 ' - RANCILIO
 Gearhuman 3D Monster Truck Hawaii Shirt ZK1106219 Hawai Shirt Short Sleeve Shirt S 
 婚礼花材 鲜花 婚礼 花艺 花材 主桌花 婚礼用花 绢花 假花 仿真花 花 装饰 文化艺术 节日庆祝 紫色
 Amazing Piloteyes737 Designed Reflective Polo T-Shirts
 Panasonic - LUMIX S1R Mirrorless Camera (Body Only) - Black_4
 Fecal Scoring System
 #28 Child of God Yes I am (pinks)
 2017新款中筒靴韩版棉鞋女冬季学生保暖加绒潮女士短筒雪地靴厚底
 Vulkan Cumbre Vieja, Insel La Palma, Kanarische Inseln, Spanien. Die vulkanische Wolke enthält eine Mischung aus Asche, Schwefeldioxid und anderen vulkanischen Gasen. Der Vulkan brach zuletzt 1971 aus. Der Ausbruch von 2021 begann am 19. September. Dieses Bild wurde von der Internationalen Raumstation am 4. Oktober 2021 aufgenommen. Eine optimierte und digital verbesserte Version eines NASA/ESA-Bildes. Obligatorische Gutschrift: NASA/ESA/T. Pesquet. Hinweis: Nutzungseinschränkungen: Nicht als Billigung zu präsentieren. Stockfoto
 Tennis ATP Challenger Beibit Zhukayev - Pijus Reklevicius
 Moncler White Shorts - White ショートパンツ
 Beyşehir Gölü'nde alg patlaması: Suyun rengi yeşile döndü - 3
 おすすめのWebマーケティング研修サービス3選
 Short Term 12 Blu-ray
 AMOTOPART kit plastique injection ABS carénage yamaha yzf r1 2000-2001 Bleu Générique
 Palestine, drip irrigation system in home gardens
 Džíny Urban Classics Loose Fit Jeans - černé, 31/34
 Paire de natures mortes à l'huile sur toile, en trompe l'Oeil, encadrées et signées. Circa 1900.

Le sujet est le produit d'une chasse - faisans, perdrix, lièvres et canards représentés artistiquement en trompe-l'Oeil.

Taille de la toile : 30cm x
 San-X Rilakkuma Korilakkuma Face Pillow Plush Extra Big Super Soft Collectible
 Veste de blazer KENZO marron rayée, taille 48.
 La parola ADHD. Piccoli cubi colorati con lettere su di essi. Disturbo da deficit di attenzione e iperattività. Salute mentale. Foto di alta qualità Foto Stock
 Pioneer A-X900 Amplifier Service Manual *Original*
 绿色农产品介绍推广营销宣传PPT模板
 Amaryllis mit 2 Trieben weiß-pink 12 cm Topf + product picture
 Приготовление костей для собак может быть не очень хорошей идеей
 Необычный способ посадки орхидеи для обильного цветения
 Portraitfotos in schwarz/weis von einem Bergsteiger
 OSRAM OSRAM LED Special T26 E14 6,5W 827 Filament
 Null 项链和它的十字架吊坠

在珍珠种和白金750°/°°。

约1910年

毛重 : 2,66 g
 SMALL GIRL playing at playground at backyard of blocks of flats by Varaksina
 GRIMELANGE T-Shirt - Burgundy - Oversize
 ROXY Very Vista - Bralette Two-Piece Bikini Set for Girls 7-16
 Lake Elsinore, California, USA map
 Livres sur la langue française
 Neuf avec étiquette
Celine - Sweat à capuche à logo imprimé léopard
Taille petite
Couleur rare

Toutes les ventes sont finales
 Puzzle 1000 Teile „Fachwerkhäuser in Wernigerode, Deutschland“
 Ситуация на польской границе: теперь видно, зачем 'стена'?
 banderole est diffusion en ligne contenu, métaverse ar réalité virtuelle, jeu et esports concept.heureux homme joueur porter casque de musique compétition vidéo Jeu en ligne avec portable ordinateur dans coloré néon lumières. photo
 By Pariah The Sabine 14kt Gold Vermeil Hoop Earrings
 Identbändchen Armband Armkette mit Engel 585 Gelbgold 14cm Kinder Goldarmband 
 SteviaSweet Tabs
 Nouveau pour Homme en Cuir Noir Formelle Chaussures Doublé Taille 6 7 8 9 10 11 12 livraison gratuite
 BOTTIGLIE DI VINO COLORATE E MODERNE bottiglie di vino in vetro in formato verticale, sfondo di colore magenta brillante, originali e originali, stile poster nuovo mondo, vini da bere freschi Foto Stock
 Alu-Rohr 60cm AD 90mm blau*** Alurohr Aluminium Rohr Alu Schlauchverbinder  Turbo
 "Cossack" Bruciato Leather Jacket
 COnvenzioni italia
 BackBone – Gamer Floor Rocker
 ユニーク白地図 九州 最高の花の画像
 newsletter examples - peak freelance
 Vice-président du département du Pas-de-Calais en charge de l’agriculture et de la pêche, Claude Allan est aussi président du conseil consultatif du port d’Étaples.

(The task) Out of the entries above, write out only the lines between the line holding "Couleur rare" and the line holding "Nouveau pour Homme", inclusive, each exactly as given.

(Completed exercise)
Couleur rare

Toutes les ventes sont finales
 Puzzle 1000 Teile „Fachwerkhäuser in Wernigerode, Deutschland“
 Ситуация на польской границе: теперь видно, зачем 'стена'?
 banderole est diffusion en ligne contenu, métaverse ar réalité virtuelle, jeu et esports concept.heureux homme joueur porter casque de musique compétition vidéo Jeu en ligne avec portable ordinateur dans coloré néon lumières. photo
 By Pariah The Sabine 14kt Gold Vermeil Hoop Earrings
 Identbändchen Armband Armkette mit Engel 585 Gelbgold 14cm Kinder Goldarmband 
 SteviaSweet Tabs
 Nouveau pour Homme en Cuir Noir Formelle Chaussures Doublé Taille 6 7 8 9 10 11 12 livraison gratuite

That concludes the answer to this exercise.